3. Isolation keeps transactions separated from each other until they're finished. Transaction isolation is generally configurable in a variety of modes. For example, in one mode, a transaction blocks until the other transaction finishes. In a different mode, a transaction sees obsolete data (from the state the database was in before the previous transaction started). Suppose a user deletes a customer, and before the customer's invoices are deleted, a second user updates one of those invoices. In a blocking transaction scenario, the second user would have to wait for the first user's deletions to complete before issuing the update.
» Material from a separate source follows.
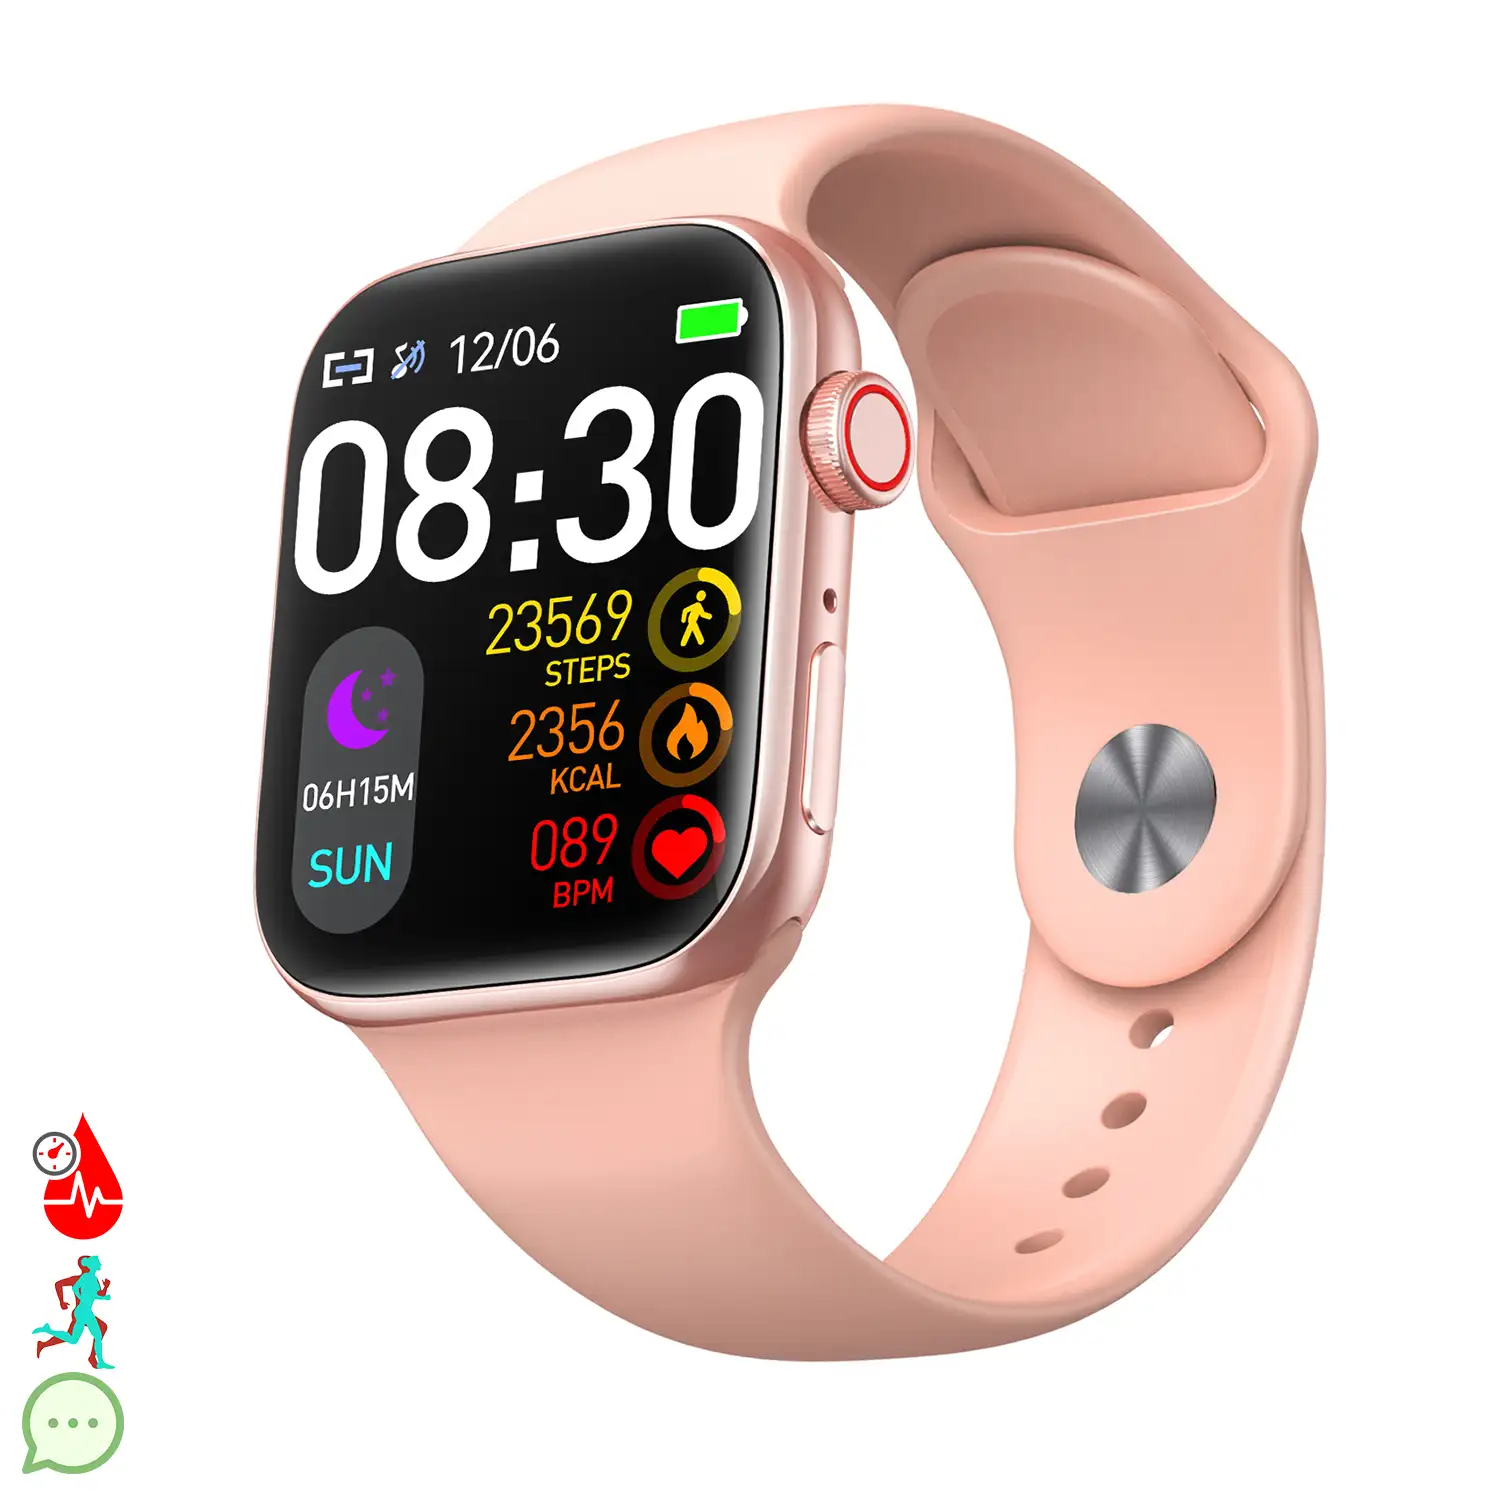 Smartwatch T900 Pro 8 con pantalla de 1,8 HR, monitor cardiaco y de O2 en sangre. Varios modos deportivos, notificaciones de apps.

The second user would then find out that the customer had been deleted, which is much better than losing changes without knowing about it.

4. Durability guarantees that the database will keep track of pending changes in such a way that the server can recover from an abnormal termination. Hence, even if the database server is unplugged in the middle of a transaction, it will return to a consistent state when it's restarted. The database handles this by storing uncommitted transactions in a transaction log. By virtue of consistency (explained above), a partially completed transaction won't be written to the database in the event of an abnormal termination. However, when the database is restarted after such a termination, it examines the transaction log for completed transactions that had not been committed, and applies them.

PostgreSQL is ACID compliant. The standard table handler for MySQL is not ACID compliant because it doesn't support consistency, isolation, or durability. However, the default table handler supports atomicity using table locks. And fortunately, there are table handlers available for MySQL that provide various degrees of compliance. As I'll describe later, NuSphere's Gemini table handler is fully compliant. So are the Berkeley DB and InnoDB table handlers included in the most recent versions of MySQL. If you want to use these table handlers, you need to either obtain a version of MySQL in which they're specifically compiled, or compile MySQL with these handlers enabled. The MySQL documentation for CREATE TABLE gives instructions on how to use one of these alternative table handlers (at www.mysql.com/documentation).

Because of its limited feature set, MySQL is very fast. You can make it blindingly fast if your application can adapt to things like in-memory tables. As far as durability is concerned, you might lose some data if the plug is pulled in the middle of a transaction. With PostgreSQL, you have many features and can be confident that your data is safe. Yet, if you implement all of the features at once, your application's performance suffers. Fortunately, PostgreSQL has recently made significant performance improvements.



Dr. Robert G. Rittenhouse wrote:
On Fri, 8 Oct 2004, Michael Dean wrote:

  
ez publisher!  With regard to mysql, to distribute it within your 
organization, such as on several servers, requires a commercial 
license. 
    

I don't see this. According to the MySQL FAQ:
   With  the  GPL  license,  MySQL is available free of charge. Users may
   download  the  software  for free and modify, integrate and distribute
   it.  However,  GPL  users  must  abide  by the rules of the GPL, which
   stipulate  that  if  a  MySQL-based  application is redistributed, the
   complete  source  code  for  this  application  must  also be open and
   available for redistribution.

It's standard GPL. Within an organization you can do whatever you want. 
It's only distribution outside the organization that requires GPL 
source code availability, and even there MySQL is excepting many FOSS 
licenses.

The Apache license is certainly friendlier to those who might wish to 
incorporate the code in a commercial product. 

You may well prefer Postgresql for other reasons but in this application I 
don't see a problem with MySQL's GPL licensing.

Parenthetically, as a strong proponent of open systems/standards (as 
well as open source) I find it quite disappointing that switching DBMS's 
is not a simple component swap.

  
Postgresql is Apache licensing.  Many CMS or CRM packages can 
now use postgresql but not mysql.  There are several comparison studies 
on the web which document the differences.  In fact, at the last 
Linuxwolrd, mysql sought the assistance of postgresql in improving.  
Mysql is better at marketing.  My comparison was taken from cmsmatrix.org.